If you’re building or fine-tuning large language models and need infrastructure in Asia-Pacific, you’ve probably evaluated the obvious candidates: AWS Tokyo, GCP Sydney, Azure Singapore. The hyperscaler path is familiar, but for teams that need dedicated compute, predictable costs, and actual control over their hardware, the decision looks different.
Singapore has emerged as the primary APAC location for serious AI infrastructure work. Not because of marketing, but because of a specific combination of factors: its position at the center of Southeast Asian submarine cable networks, a regulatory environment that doesn’t treat data like a political liability, and a growing supply of enterprise-grade bare metal hardware purpose-built for compute-intensive workloads.

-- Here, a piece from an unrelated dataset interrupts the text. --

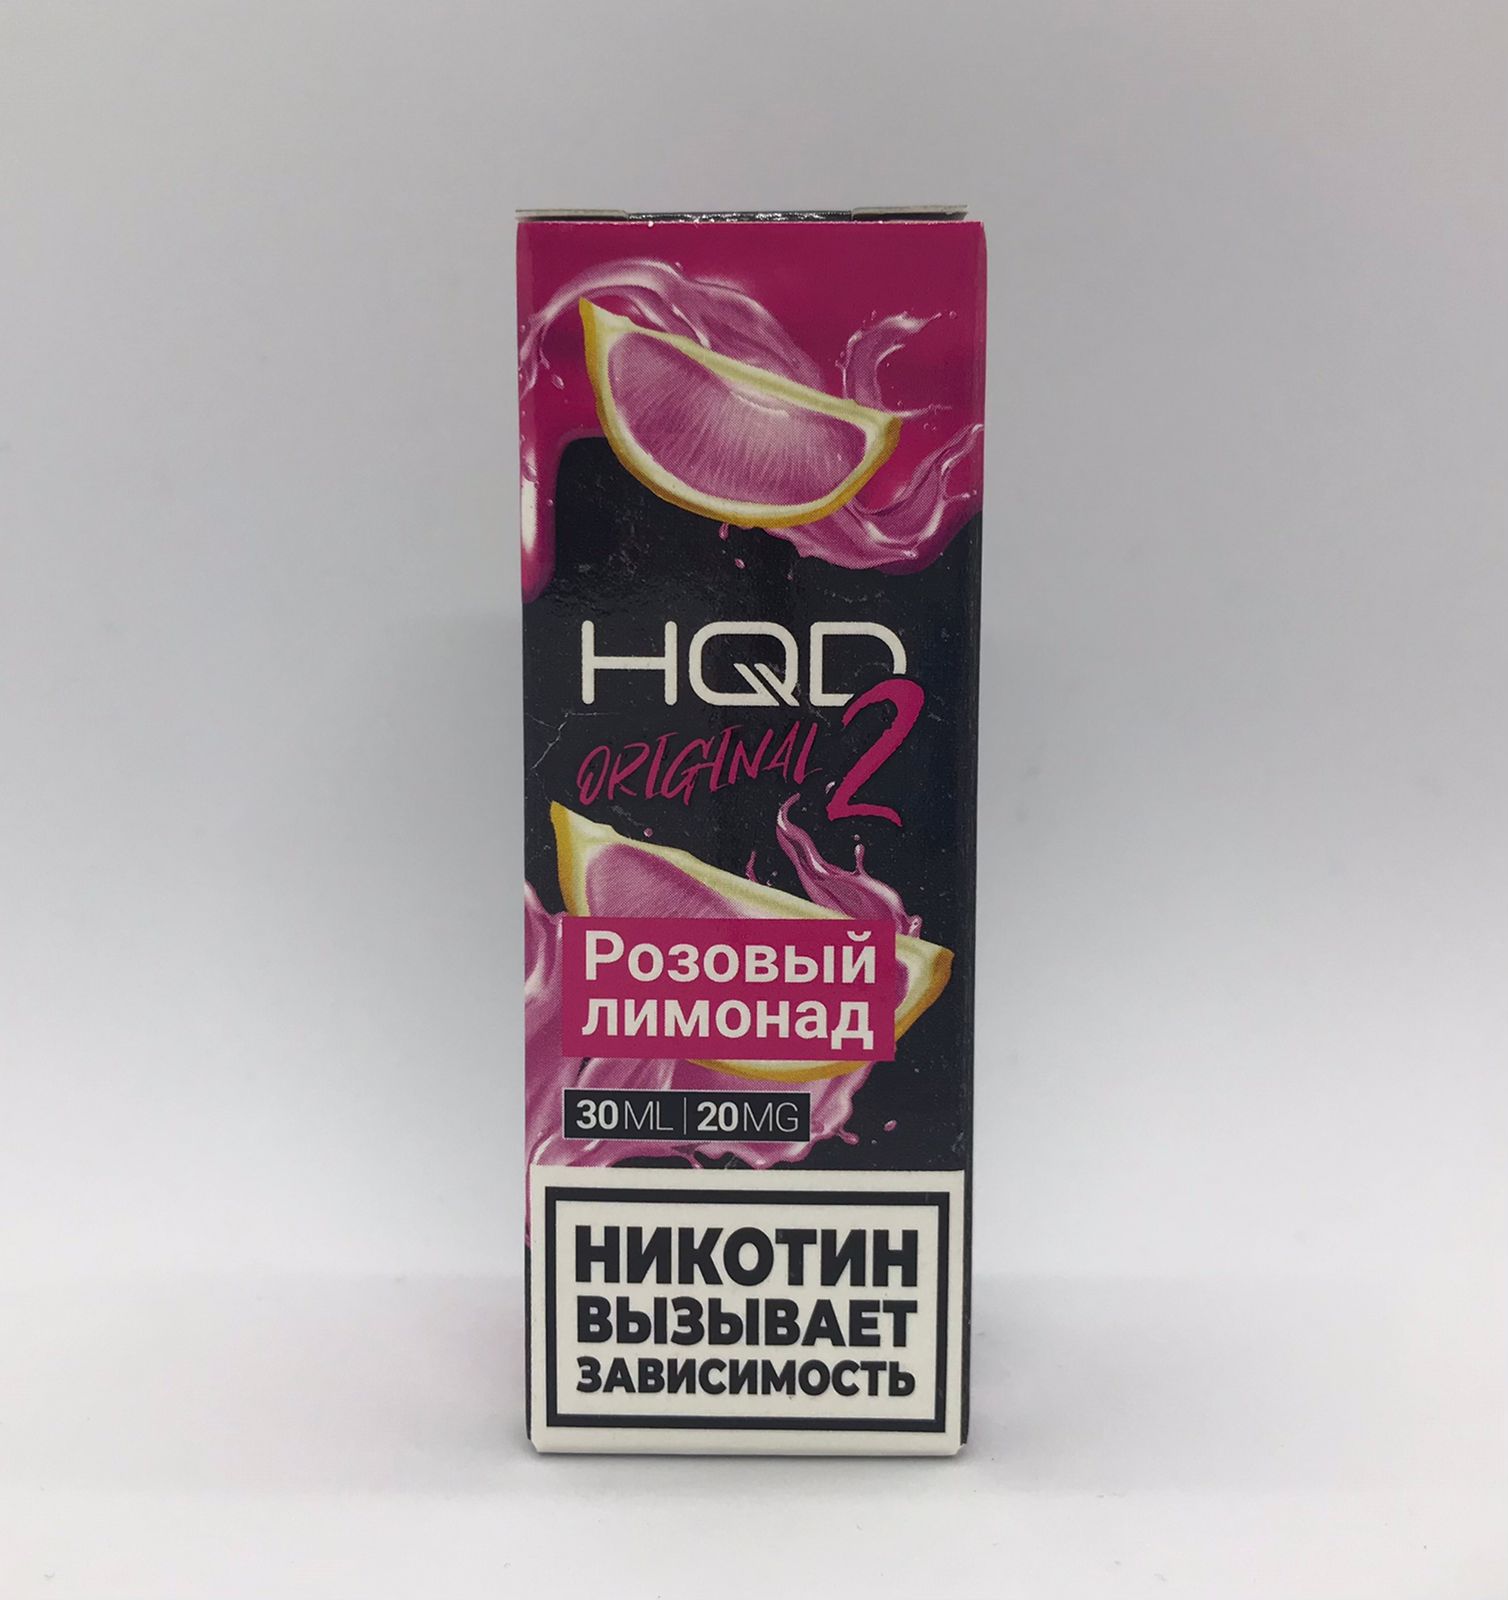 HQD ORIGINAL 2.0 / Розовый лимонад

This article covers what makes Singapore a strong choice for LLM training and inference, what the hardware options actually look like, and where OpenMetal fits into that picture.
Why AI Teams Are Looking at Singapore
The short version: Singapore sits at the geographic and regulatory center of the Asia-Pacific AI buildout.
Southeast Asia attracted more than $55 billion in AI infrastructure commitments in 2025, with Singapore anchoring that investment. Microsoft, Google, and AWS have all made multi-billion-dollar commitments to Singapore infrastructure. Singapore’s data center capacity currently operates at just 1.4% vacancy, the lowest in APAC, which reflects genuine demand rather than speculative overbuilding.
For AI teams, this matters for a few concrete reasons:
Submarine cable density. Singapore is one of the most connected points on the planet for trans-Pacific and intra-Asia routing. When you’re pulling large training datasets from distributed sources, or shipping model artifacts to teams in multiple time zones, your pipeline depends on bandwidth you can actually count on.

Regulatory clarity. Singapore’s AI governance framework is one of the most developed in the region. The Infocomm Media Development Authority (IMDA) has published specific guidance for generative AI through its Model AI Governance Framework for Generative AI, finalized in May 2024. Unlike some APAC jurisdictions that impose data localization mandates or have ambiguous rules around model training data, Singapore provides a stable, predictable regulatory environment that supports cross-border data flows.
No data localization requirements. Singapore does not require that data about its residents stay in-country. This is a meaningful distinction from Indonesia, Vietnam, and India, which have enacted or are enacting localization requirements. Training data pipelines that span multiple countries are operationally simpler when your infrastructure sits in a jurisdiction that doesn’t add legal complexity to data movement.
English as the official business language. Contracts, compliance documentation, and support all happen in English. This is a practical advantage for non-Singaporean companies that often gets overlooked until they’re trying to navigate legal agreements in Japanese or Bahasa Indonesia.
Government investment in AI. Singapore has committed S$70 million to building Southeast Asia’s first LLM ecosystem, including high-performance computing resources for local researchers and AI startups. The government’s AI Singapore initiative (AISG) has produced SEA-LION, an open-source LLM trained on 11 regional languages. The policy environment is explicitly oriented toward attracting serious AI work.
The Power and Cooling Reality
Power is the constraint that defines LLM training at scale. A single training run for a 70B+ parameter model can consume hundreds of thousands of GPU-hours, and the cost of that compute is a direct function of your power costs and infrastructure efficiency.
Singapore’s government made efficiency a condition of new data center construction. Facilities must achieve a Power Usage Effectiveness (PUE) of 1.3 or lower, with liquid cooling becoming a mandatory standard in 2025. This isn’t just a green certification checkbox; it directly affects the actual cost per GPU-hour you’re paying.
OpenMetal’s Singapore deployment is housed at Digital Realty’s SIN10 data center at 29A International Business Park in Jurong East. The facility is a seven-story, 377,000 square foot building with 2N UPS configuration and N+2 cooling redundancy. The certifications include SOC 2, SOC 3, ISO 27001, ISO 50001, and the Singapore-specific SS564 Green Data Center Standard, along with BCA Green Mark Platinum for sustainability. The facility also meets requirements set by the Monetary Authority of Singapore (MAS).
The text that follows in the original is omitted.